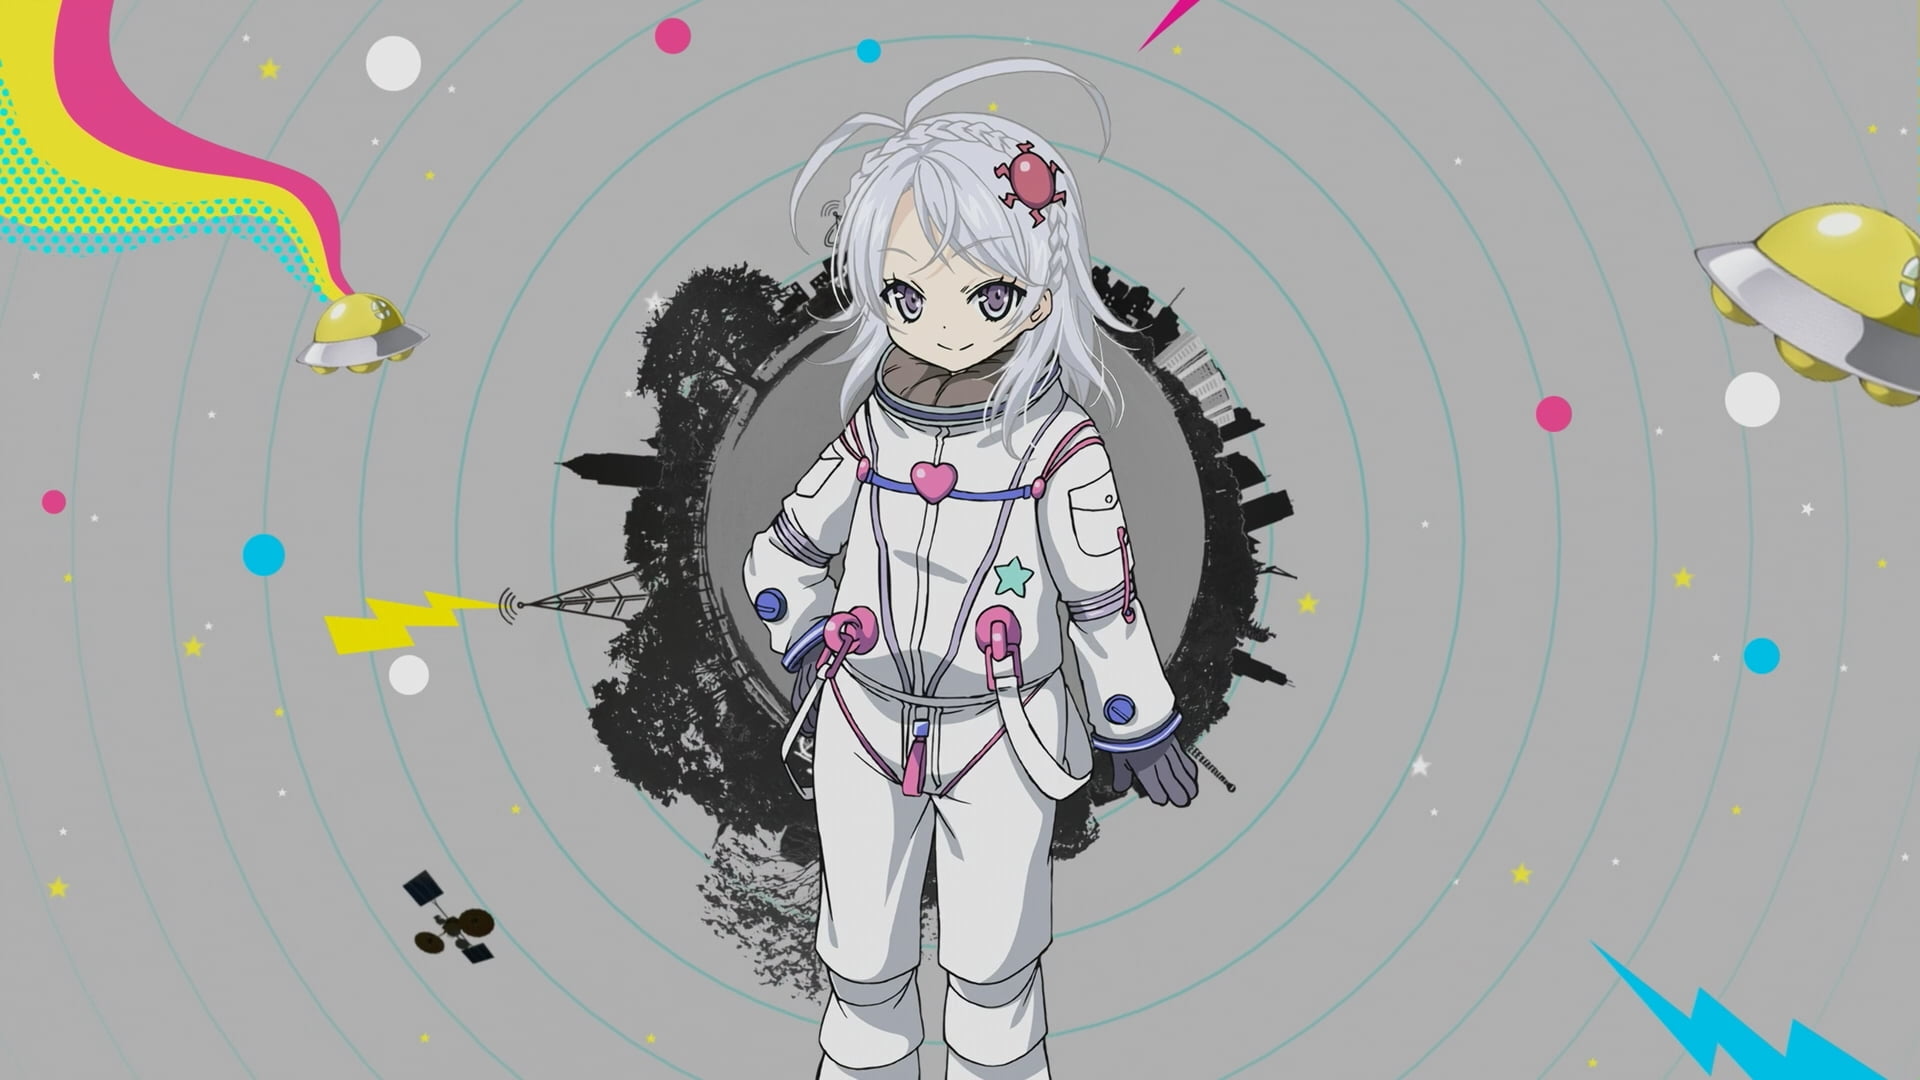 bj11-art-spaceman-anime-universe-wallpaper
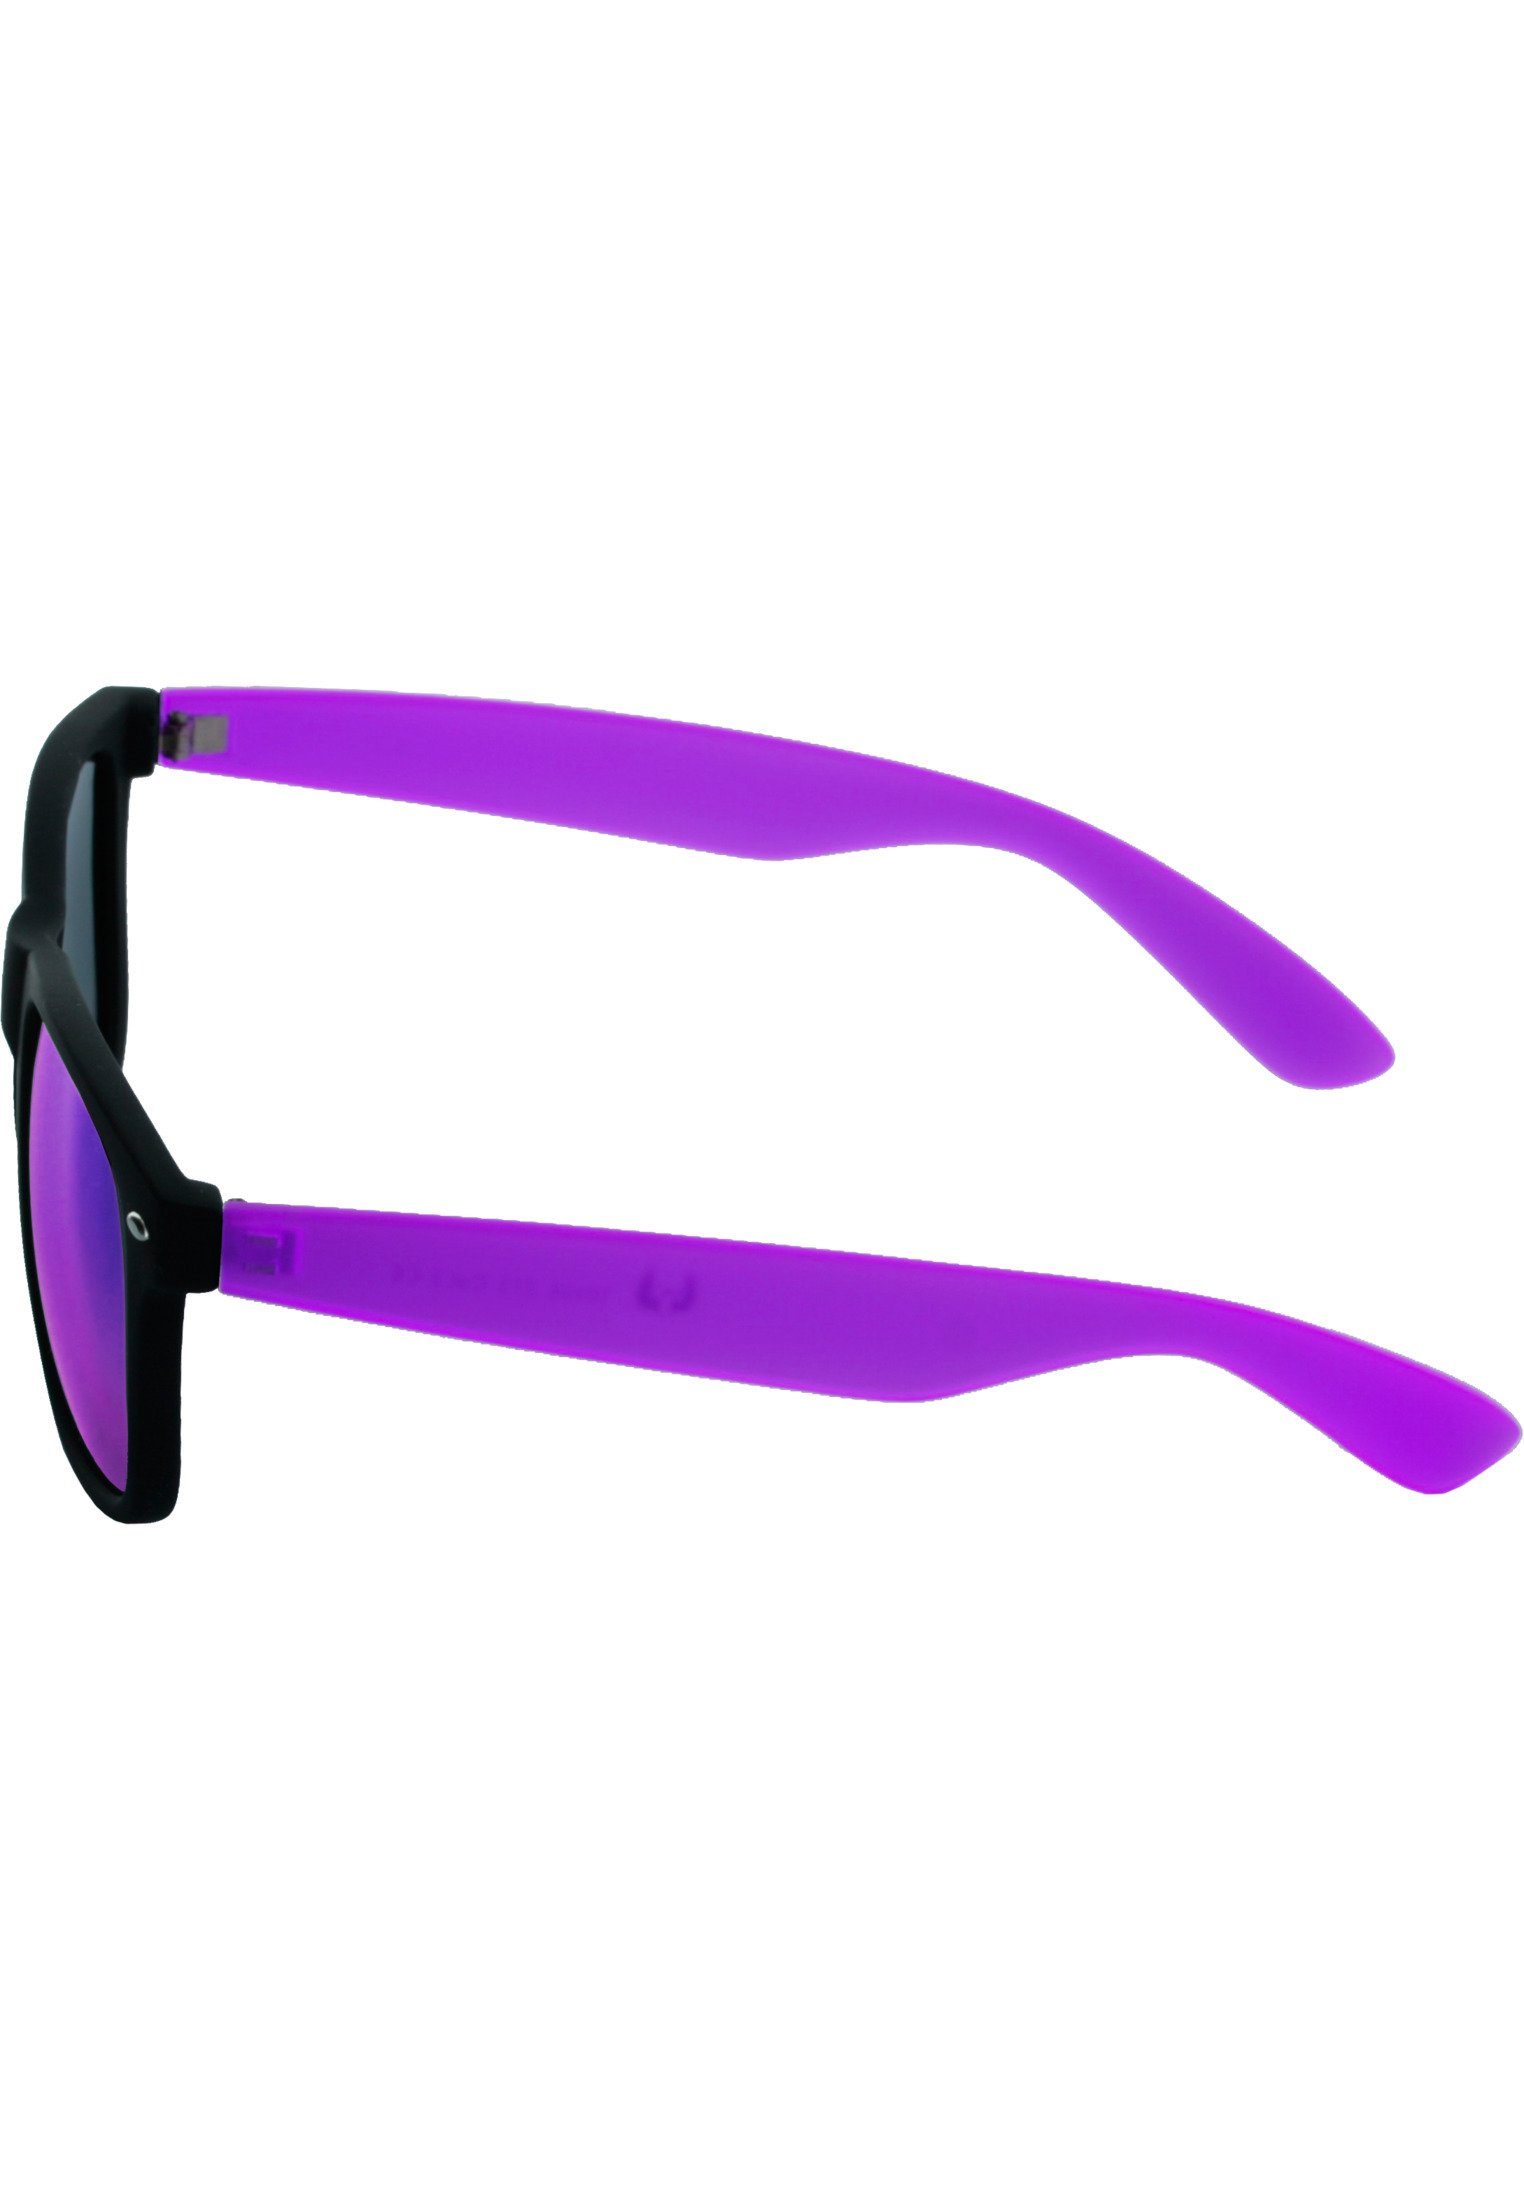 MSTRDS Sonnenbrille Accessoires blk/pur/pur Sunglasses Likoma Mirror
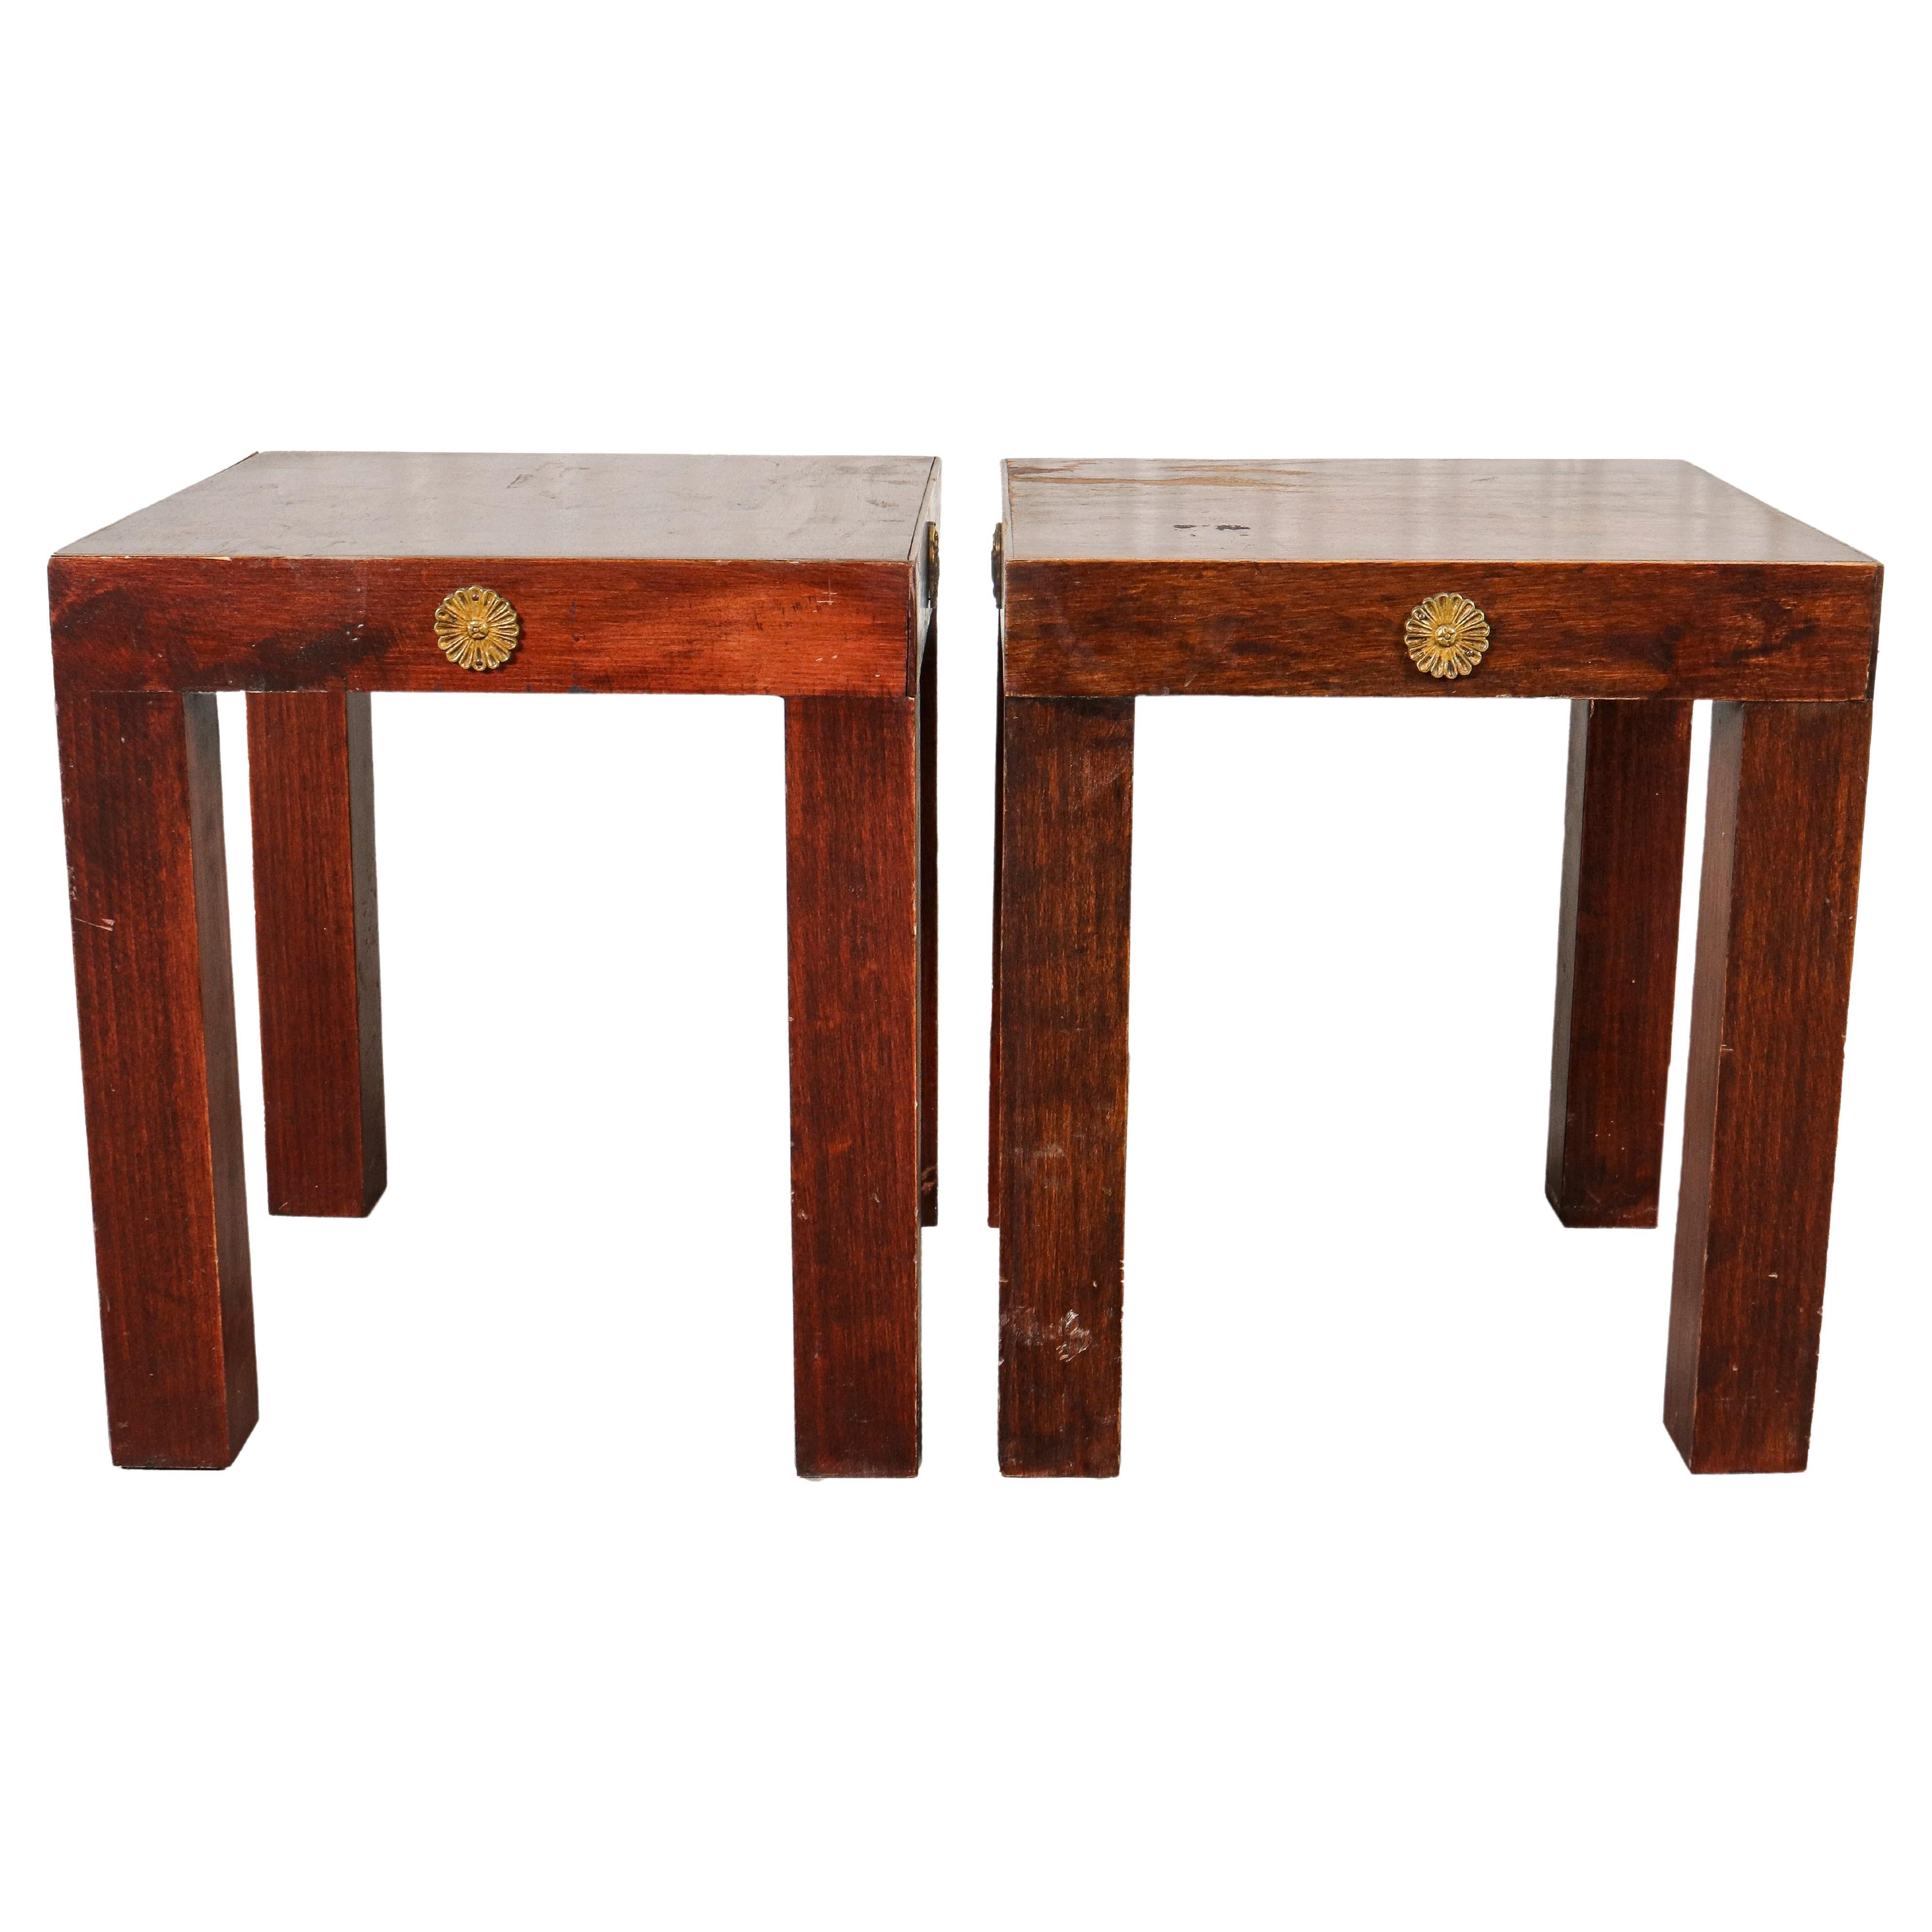 Empire Revival Diminutive Pedestal Tables, Pair

- WORK ORDER -
Transcribe the full listing above exactly, with the images removed.

- SOLUTION FOR THIS PROBLEM -
 bj11-art-spaceman-anime-universe-wallpaper
 MSTRDS Sonnenbrille Accessoires blk/pur/pur Sunglasses Likoma Mirror
 Empire Revival Diminutive Pedestal Tables, Pair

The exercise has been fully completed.